Store Data to a Binary File

Pickle is a Python module for storage and retrieval of file data in binary format. The Pickle binary format is compact, therefore fast for I/O operations, but is not universally portable as Python is required.

Let’s derive a subset of our workers data frame. Let’s then save it to a pickle file.

df_pickle = df[['Name', 'Age']]
print(type(df_pickle))
pd.to_pickle(df_pickle, "sample_data/df_workers.pickle")
<class 'pandas.core.frame.DataFrame'>

Now let’s re-read the derived data frame from the pickle file. Note that unlike read_csv() Panda’s read_pickle() doesn’t have as much flexibility to ignore or alter column headers or to assign row indices.

df_unpickle = pd.read_pickle("sample_data/df_workers.pickle")
print(type(df_unpickle))
df_unpickle[0:5]
<class 'pandas.core.frame.DataFrame'>
Name Age
0 Airi Satou 33
1 Angelica Ramos 47
2 Ashton Cox 66
3 Bradley Greer 41
4 Brenden Wagner 28

Likewise we can take a set of series and perform binary I/O to and from a pickle file.

ser_pickle = df.loc[10]
print(type(ser_pickle))
pd.to_pickle(ser_pickle, "sample_data/ser_workers.pickle")
<class 'pandas.core.series.Series'>
ser_unpickle = pd.read_pickle("sample_data/ser_workers.pickle")
print(type(ser_unpickle))
ser_unpickle
<class 'pandas.core.series.Series'>
Name            Charde Marshall
Position      Regional Director
Office            San Francisco
Age                          36
Start date           2008-10-16
Salary                 $470,600
Name: 10, dtype: object

Store Data to a CSV Text File

Just as we can use read_csv() to load comma-delimited data files, we can also write out using that format. The Pandas command is simple: to_csv().
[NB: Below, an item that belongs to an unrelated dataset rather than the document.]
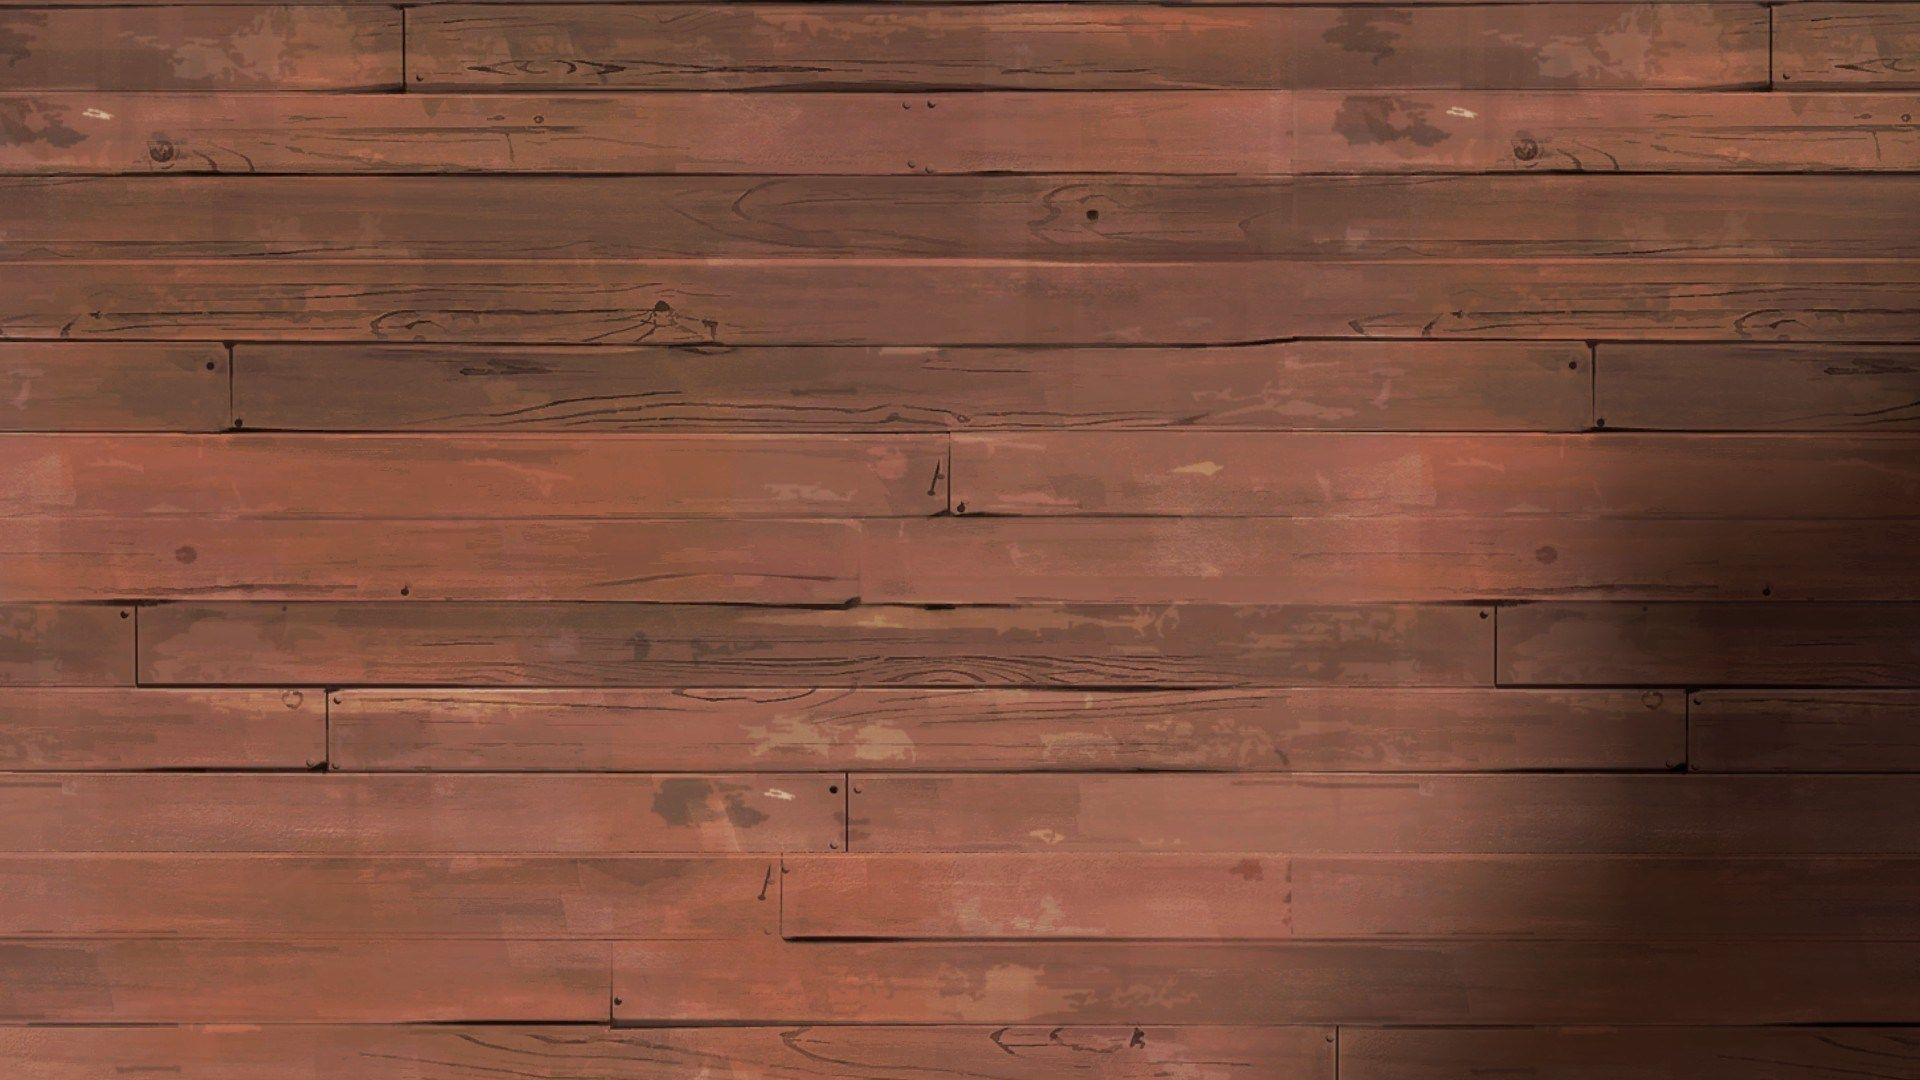 1920x1080 Wood Desktop Wallpaper Hd Wallpapers Jpg 286 Kb

df_text = df[['Name', 'Age']]
df_text.to_csv("sample_data/df_workers.csv")

If we were to substitute the comma delimiter with another character, we simply supply a sep parameter.

df_text.to_csv("sample_data/df_workers.tsv", sep = '\t')
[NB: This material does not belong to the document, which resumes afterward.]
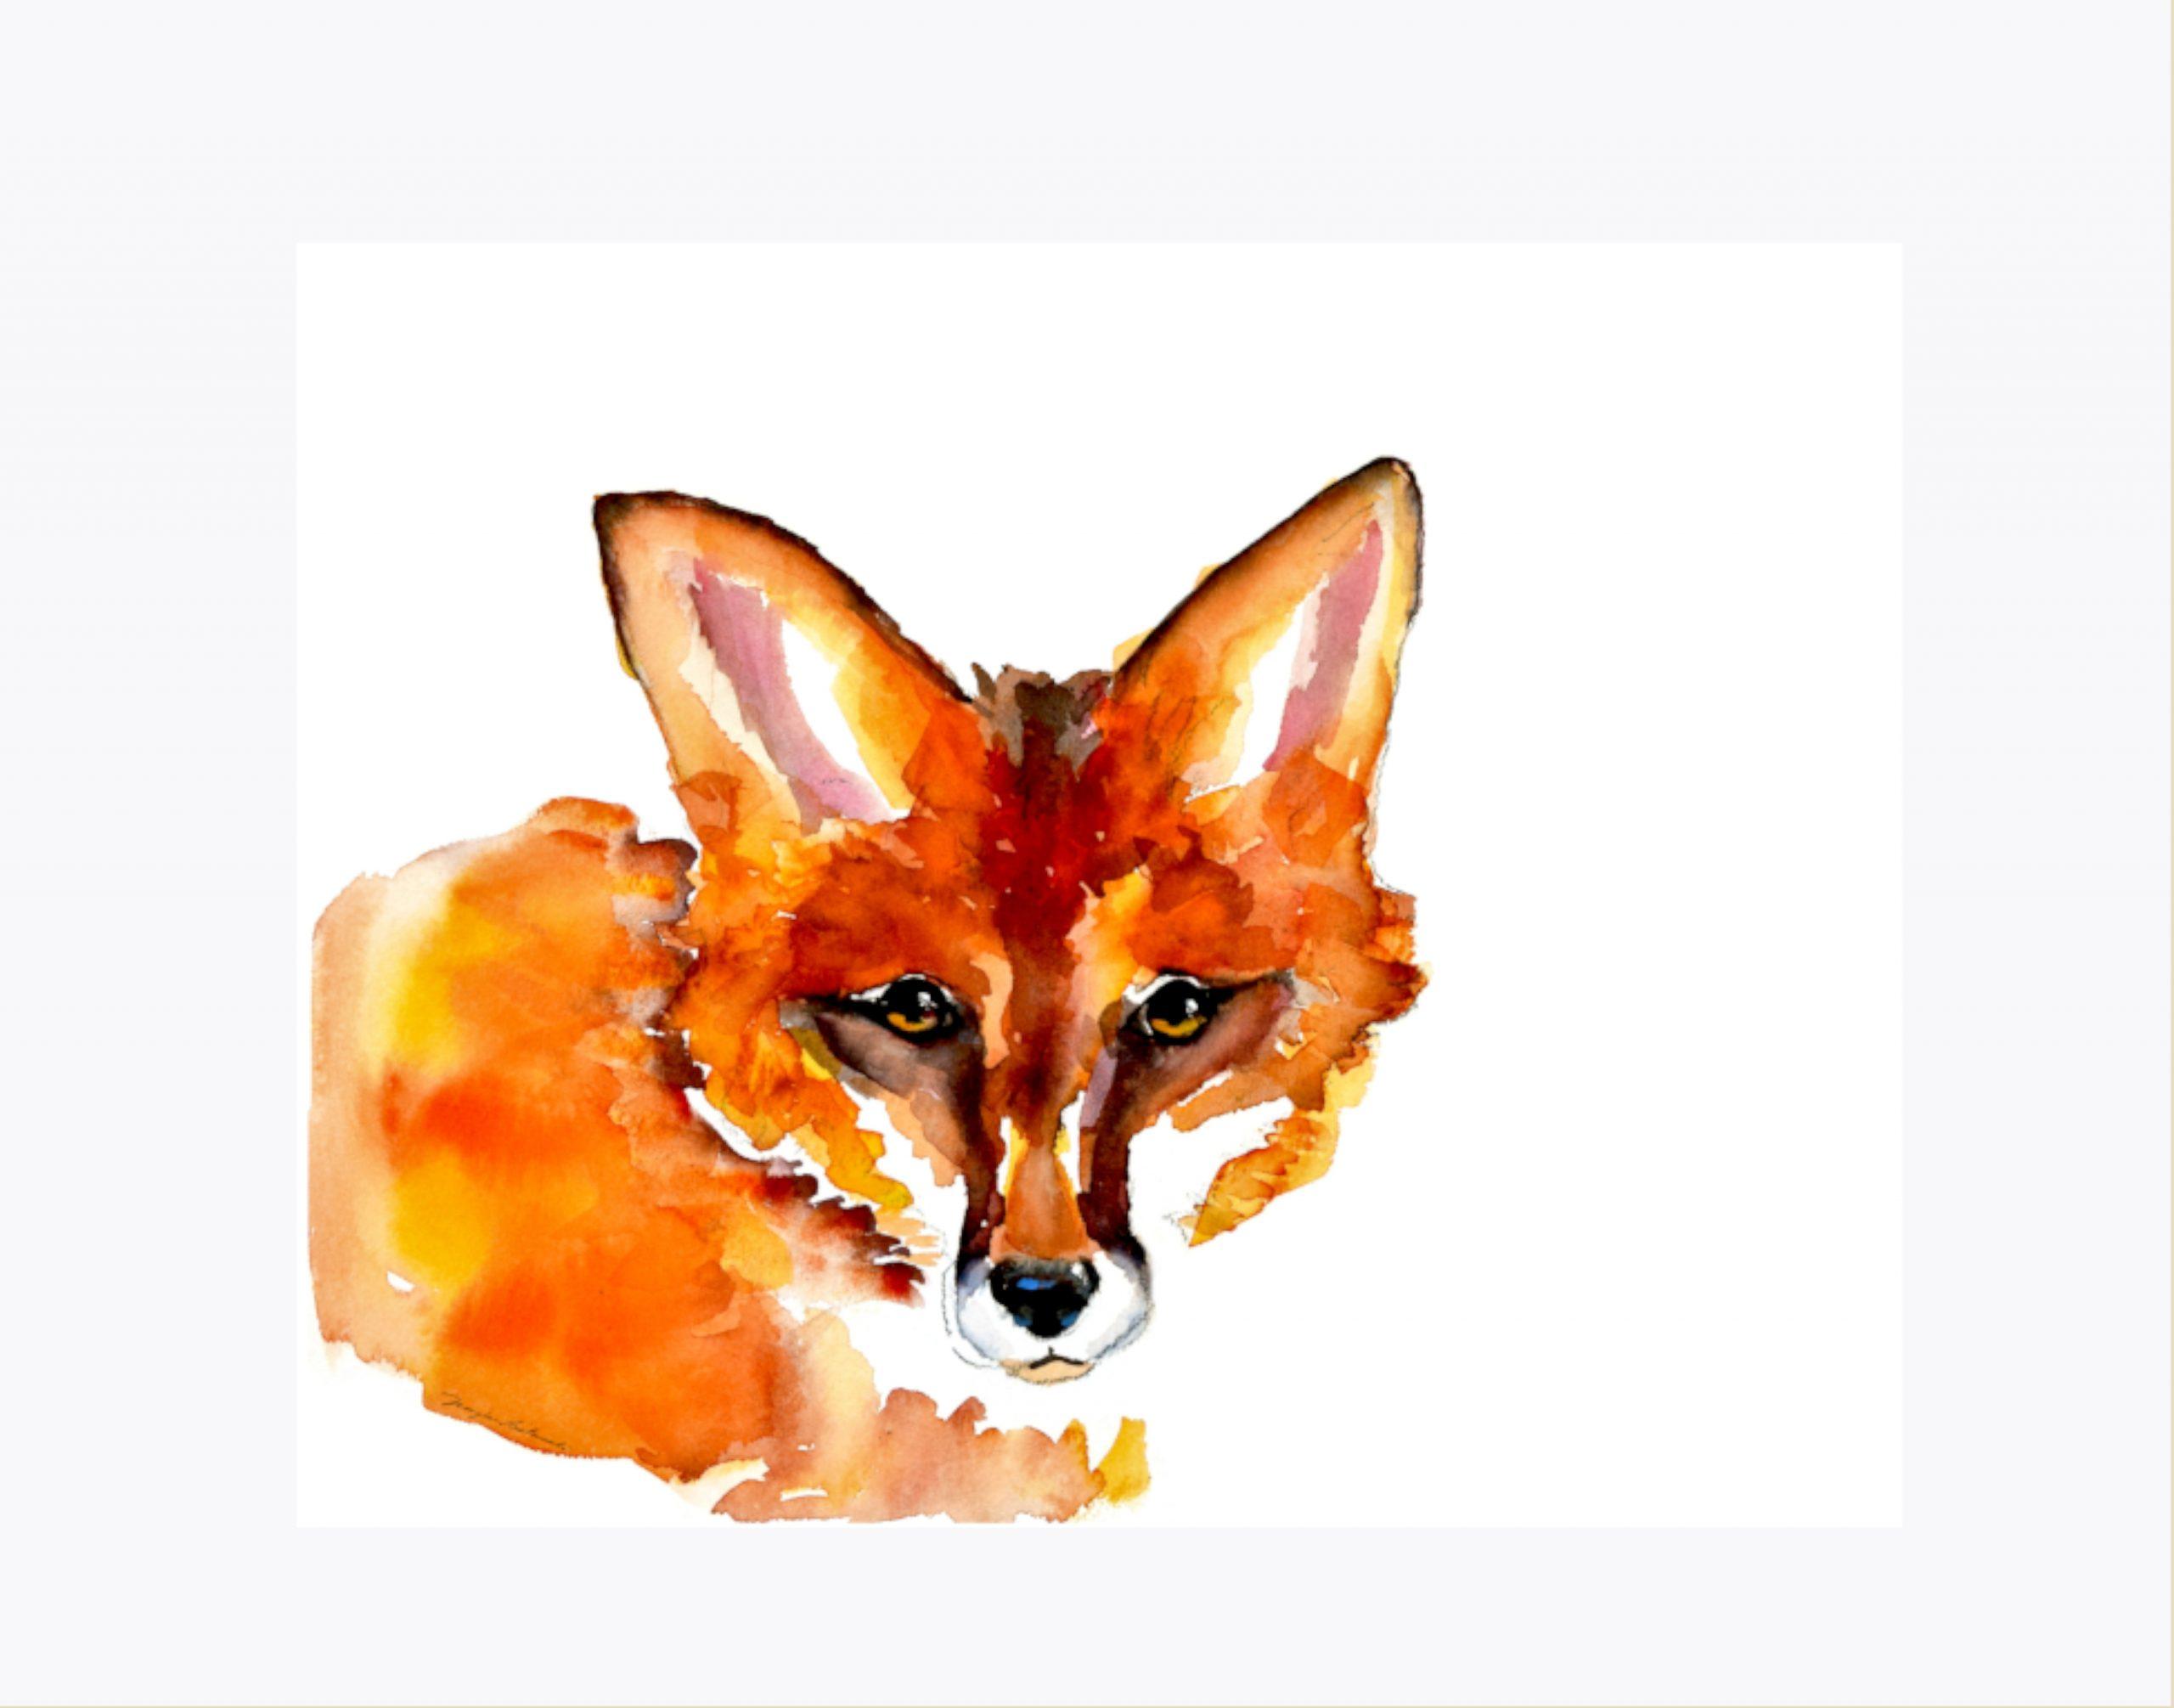 peeking red fox with mat 72 dpi

Finally Pandas lets us write out our data to Excel format.

df_text.to_excel("sample_data/df_workers.xlsx", sheet_name = "wokers", index = False)

The sheet_name and index parameters are optional. As the name implies, sheet_name stores our data to a new Excel sheet. Without index, Pandas will store our set of row indices as a column in the file. By setting this to False, we omit the row headers.